Consist is useful when a workflow has:

- long-running model steps that should cache-hit when inputs are unchanged;
- scenario variants that need explicit lineage and comparison;
- file-based tools that need stable local paths but still need canonical
  provenance;
- post-run questions like "which config produced this output?"

## Installation

```bash
pip install consist
```

Optional integrations are installed as extras:

```bash
pip install "consist[ingest]"
pip install "consist[docker]"
```

> [!NOTE]
> Consist is pre-`1.0`. It is ready for real workflows, but minor releases may
> still include breaking changes while the API settles.

## Quick Example

```python
from pathlib import Path

import pandas as pd

import consist
from consist import ExecutionOptions, Tracker

tracker = Tracker(run_dir="./runs", db_path="./provenance.duckdb")


def clean_data(raw: Path, threshold: float = 0.5) -> dict[str, Path]:
    df = pd.read_parquet(raw)
    out = Path("./cleaned.parquet")
    df[df["value"] > threshold].to_parquet(out)
    return {"cleaned": out}


first = tracker.run(
    fn=clean_data,
    inputs={"raw": Path("raw.parquet")},
    config={"threshold": 0.5},
    outputs=["cleaned"],
    execution_options=ExecutionOptions(input_binding="paths"),
)

second = tracker.run(
    fn=clean_data,
    inputs={"raw": Path("raw.parquet")},
    config={"threshold": 0.5},
    outputs=["cleaned"],
    execution_options=ExecutionOptions(input_binding="paths"),
)

print(first.cache_hit, second.cache_hit)  # False, True
cleaned = consist.load_df(second.outputs["cleaned"])
```

In this example, `input_binding="paths"` tells Consist to pass local `Path` objects 
into the callable instead of loading input files.

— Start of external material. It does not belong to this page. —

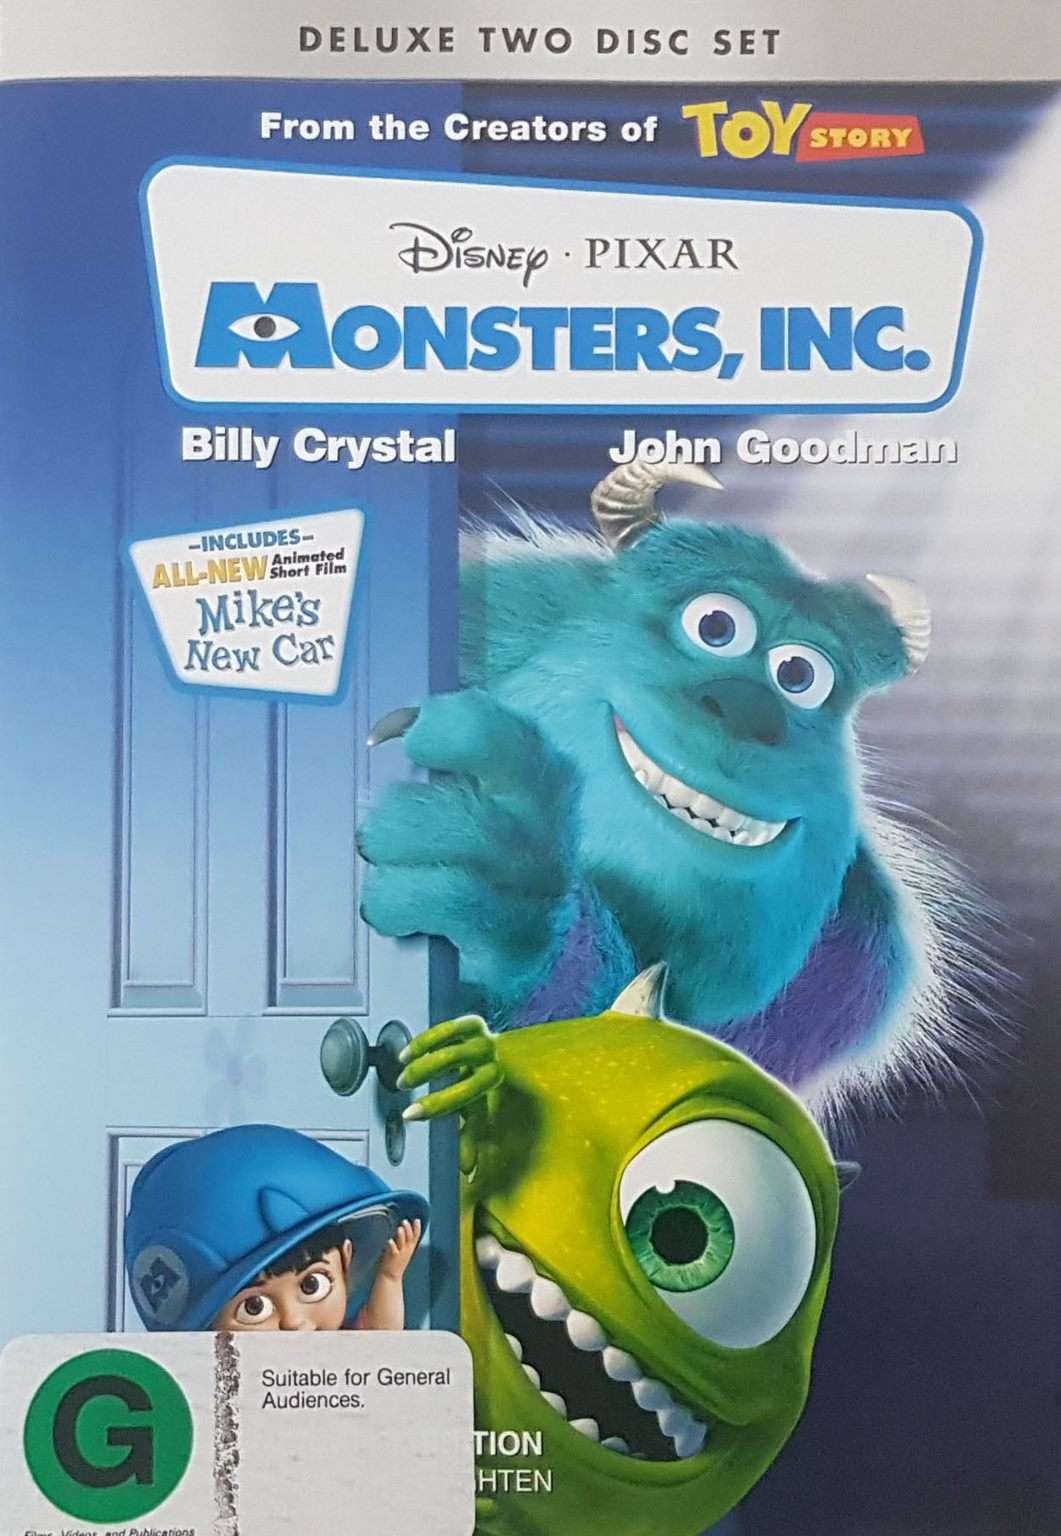 Monsters, Inc. Two Disc Deluxe Set

Those same paths are still hashed 
and recorded for cache identity and lineage. For tools that need inputs copied to
specific local filenames, see [Usage Guide](docs/usage-guide.md#path-staging-example).

## Documentation

| Start here | Use it for |
|:--|:--|
| [Quickstart](docs/getting-started/quickstart.md) | First tracked run and cache hit |
| [First Workflow](docs/getting-started/first-workflow.md) | Two-step pipeline with explicit artifact links |
| [Usage Guide](docs/usage-guide.md) | Choosing between `run`, `trace`, and `scenario` |
| [Caching & Hydration](docs/concepts/caching-and-hydration.md) | Cache identity, hit behavior, and output recovery concepts |
| [Historical Recovery](docs/guides/historical-recovery.md) | Restoring archived outputs and staging inputs |
| [CLI Reference](docs/cli-reference.md) | Inspecting runs, artifacts, lineage, and schemas |
| [API Reference](docs/api/index.md) | Public Python API and generated signatures |

## Etymology

In railroad terminology, a **consist** is the lineup of locomotives and cars
that make up a train. In this library, a consist is the immutable record of the
code, config, inputs, and outputs coupled together to produce a result.